Practical Example: Python+TensorFlow
Notes on installing and testing tensorflow for YCRC clusters Grace & McCleary
Prerequisites
- Basic understanding of command line shell commands and syntax
- A Yale NetID
- An active Yale VPN connection
- A YCRC Cluster account
Setup
-
Log in to OOD for the cluster you have an account on with NetID and Password.
-
Start a new interactive shell.
"Shell" > "Clustername Shell Access"
-
Start an interactive job.
salloc -c 2
salloc
ArgumentDescription -c 2
Allocate two CPU cores (and default 5GiB RAM per core) -
Create the Conda environment for tensorflow, index it for the YCRC Open Ondemand web dashboard.
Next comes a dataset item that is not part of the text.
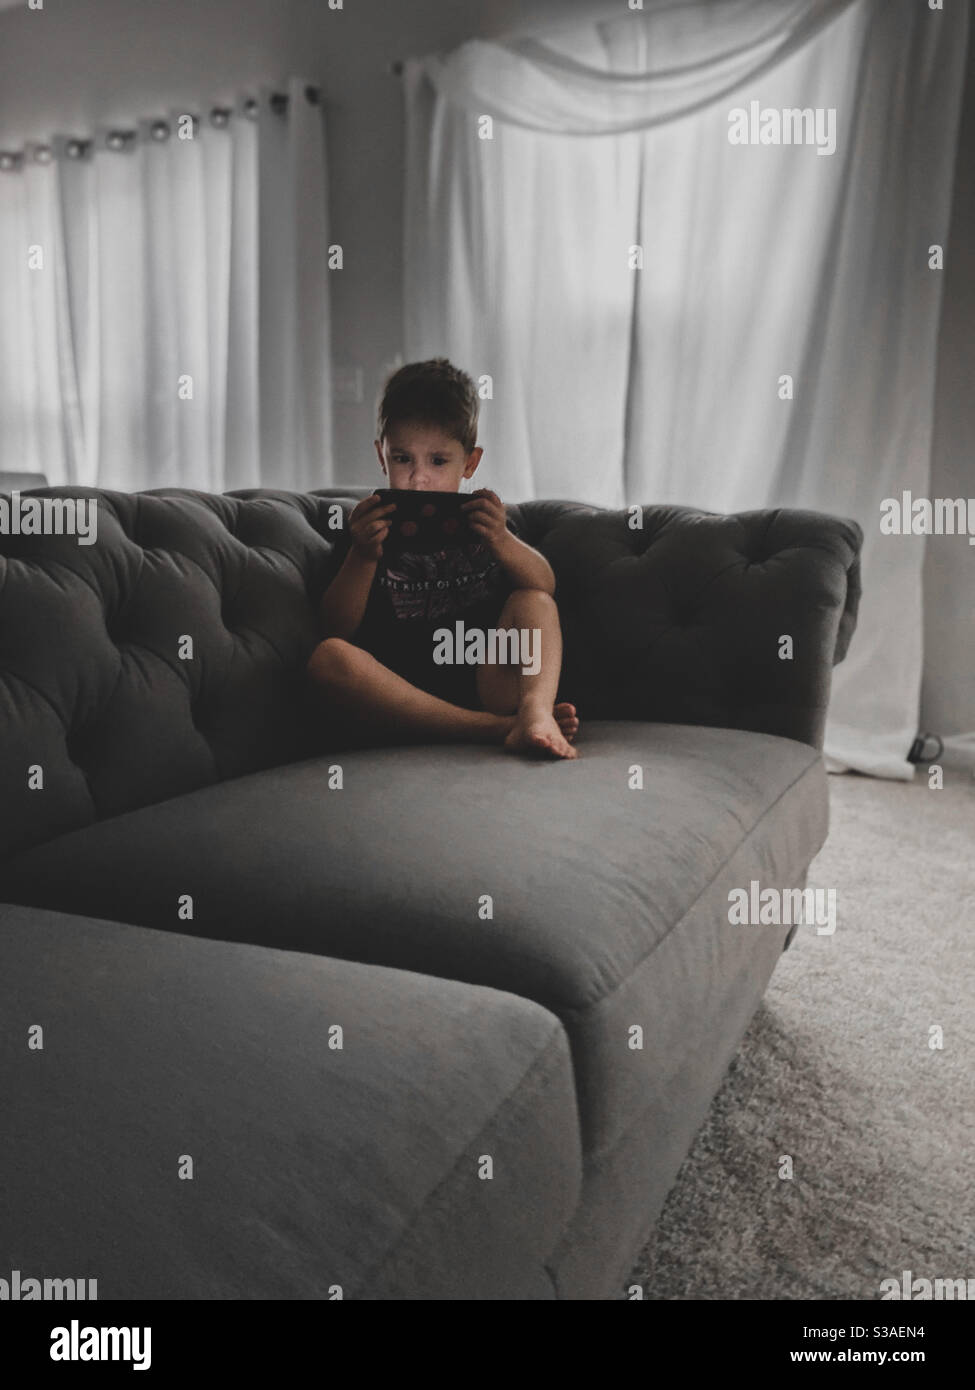 Generation Alpha, ein Junge, schon in jungen Jahren technologiesüchtig. Sitzen auf einer grauen Couch im Wohnzimmer, im Dunkeln, fasziniert vom Bildschirm. Stockfoto

module load miniconda mamba create --name tf2 python=3.9 cudatoolkit=11.2.2 cudnn=8.1.0 jupyter jupyterlab # environment creation will take a few minutes conda activate tf2 # Do not install tensorflow with conda, it is no longer supported pip install tensorflow==2.11.* # configure system paths to point to python libraries mkdir -p $CONDA_PREFIX/etc/conda/activate.d echo 'export LD_LIBRARY_PATH=$LD_LIBRARY_PATH:$CONDA_PREFIX/lib/' > $CONDA_PREFIX/etc/conda/activate.d/env_vars.sh #run command to add to list of jupyter note book environments ycrc_conda_env.list build
Start a Notebook
-
Log in to OOD for the cluster you have an account on with NetID and Password.
-
Navigate to the Jupyter job submission form.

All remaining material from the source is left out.